> _Supplied data_:
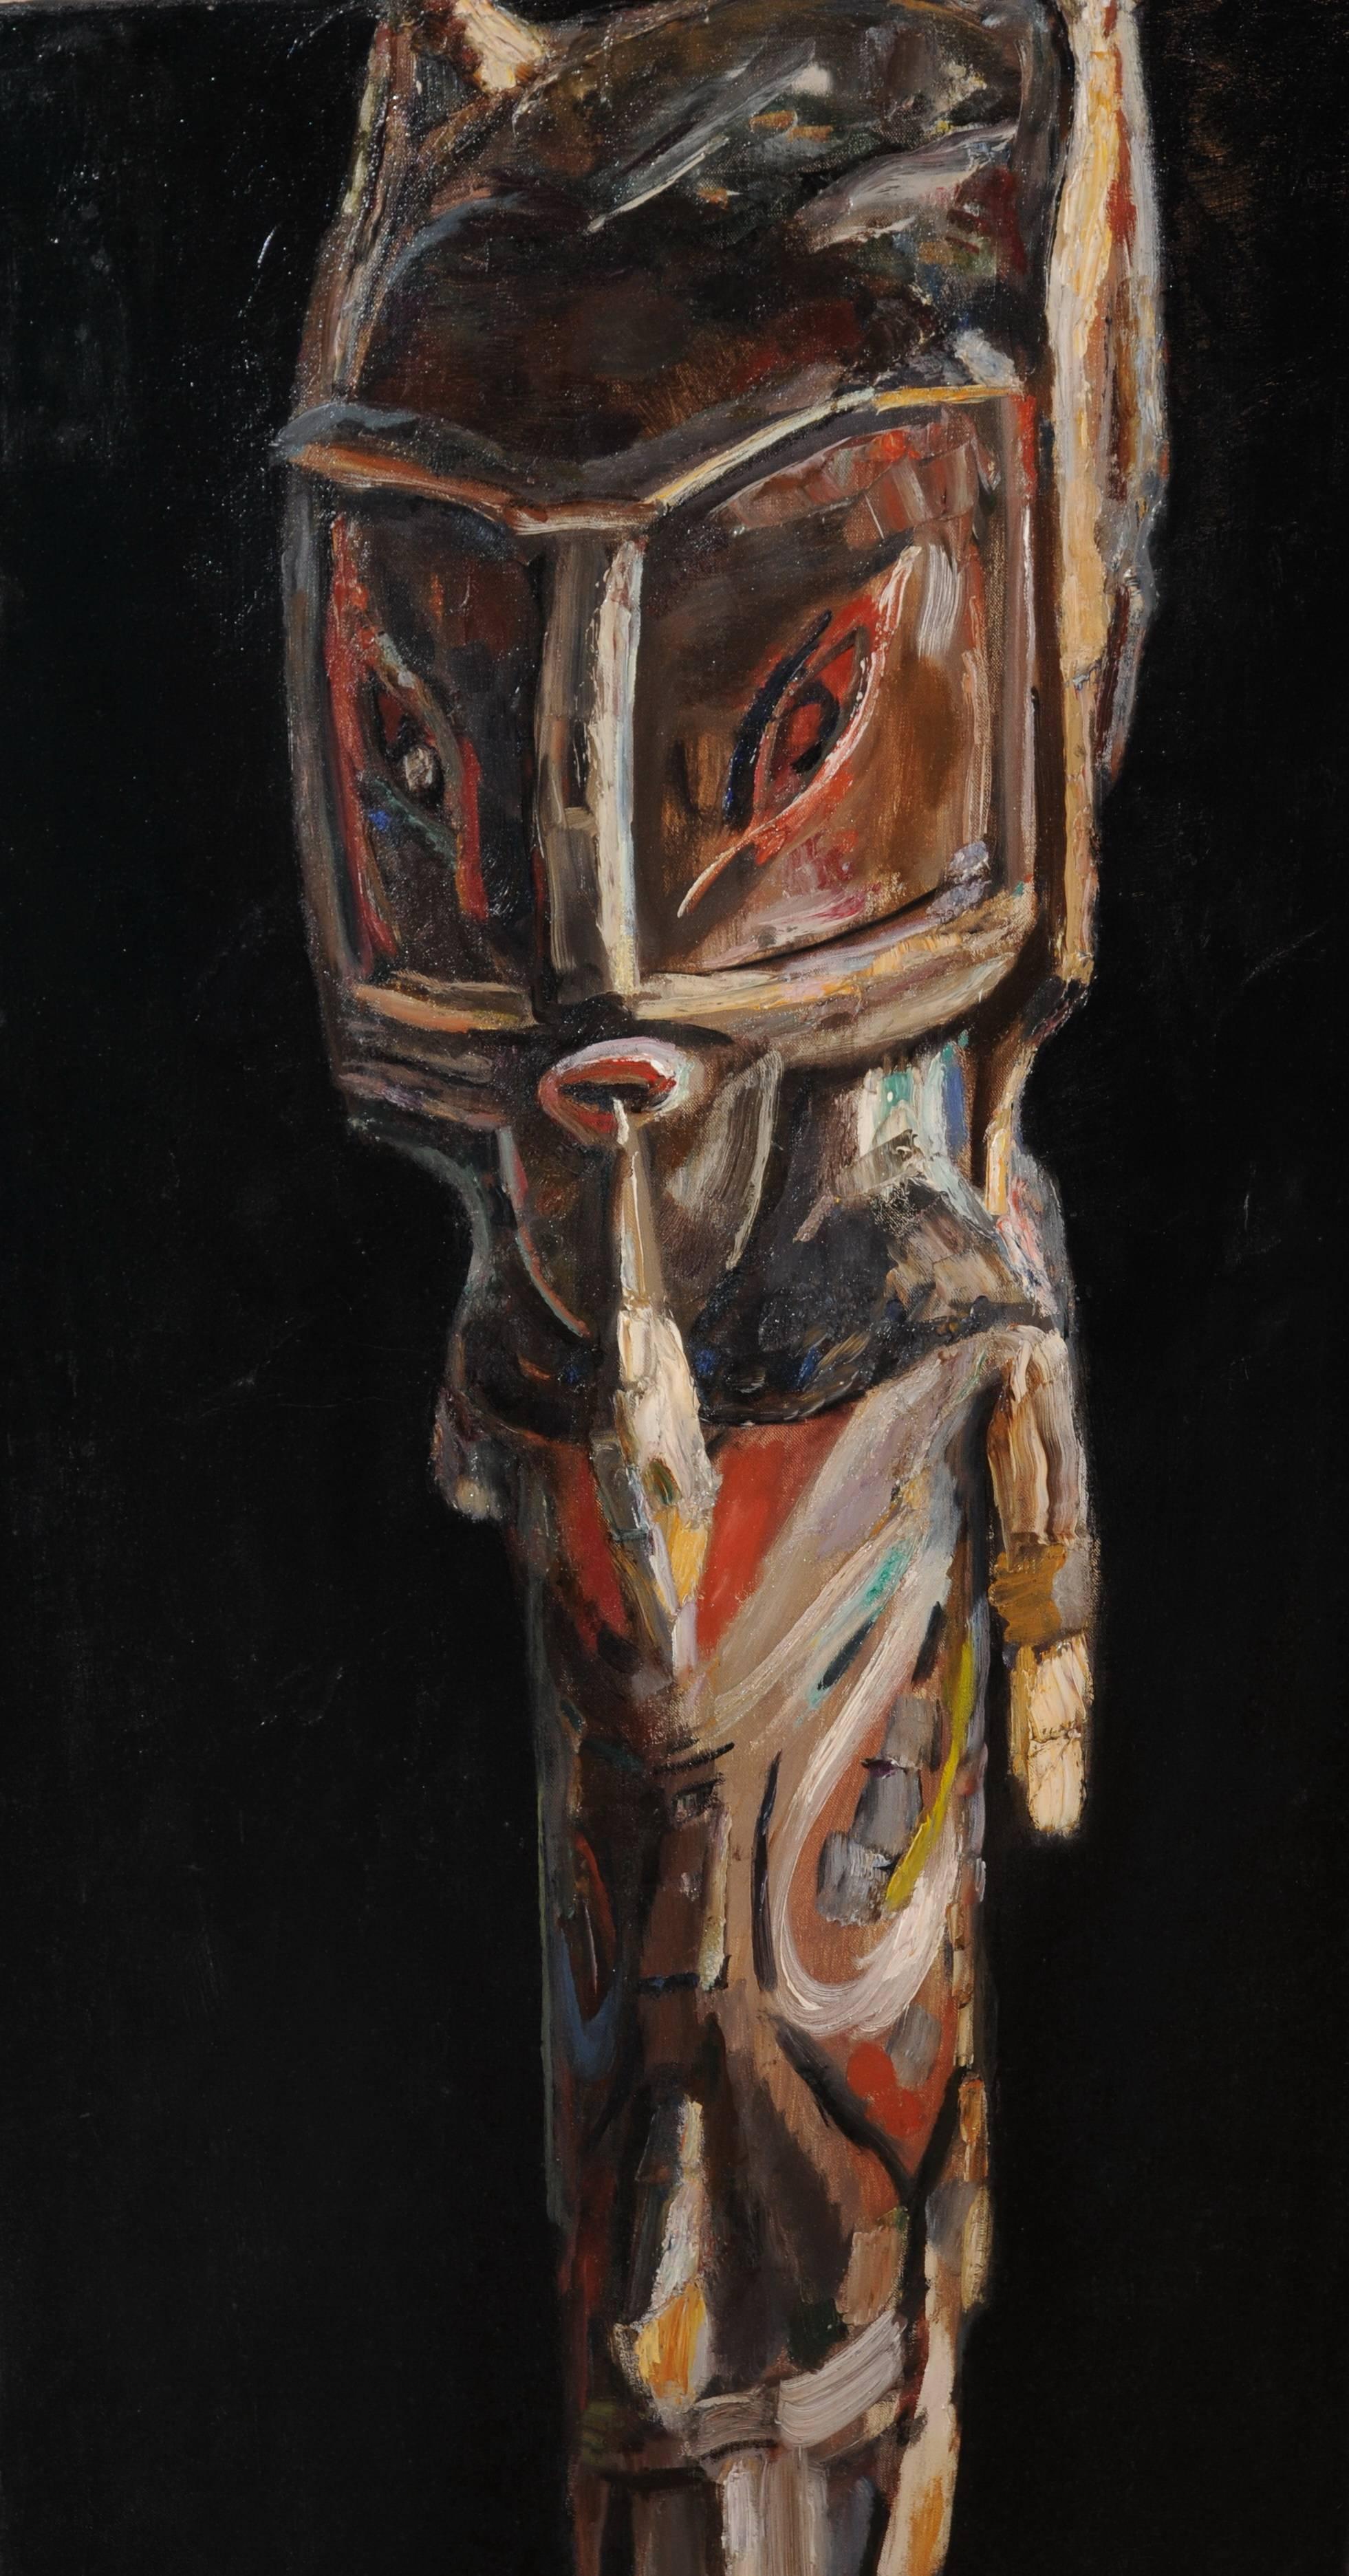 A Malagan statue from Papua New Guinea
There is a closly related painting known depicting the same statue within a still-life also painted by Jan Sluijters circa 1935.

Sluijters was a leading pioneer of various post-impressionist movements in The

> _Exercise instructions_: Search the listing above for the string "Sluijters". Copy every line that contains it.

> _Response to the task_:
There is a closly related painting known depicting the same statue within a still-life also painted by Jan Sluijters circa 1935.
Sluijters was a leading pioneer of various post-impressionist movements in The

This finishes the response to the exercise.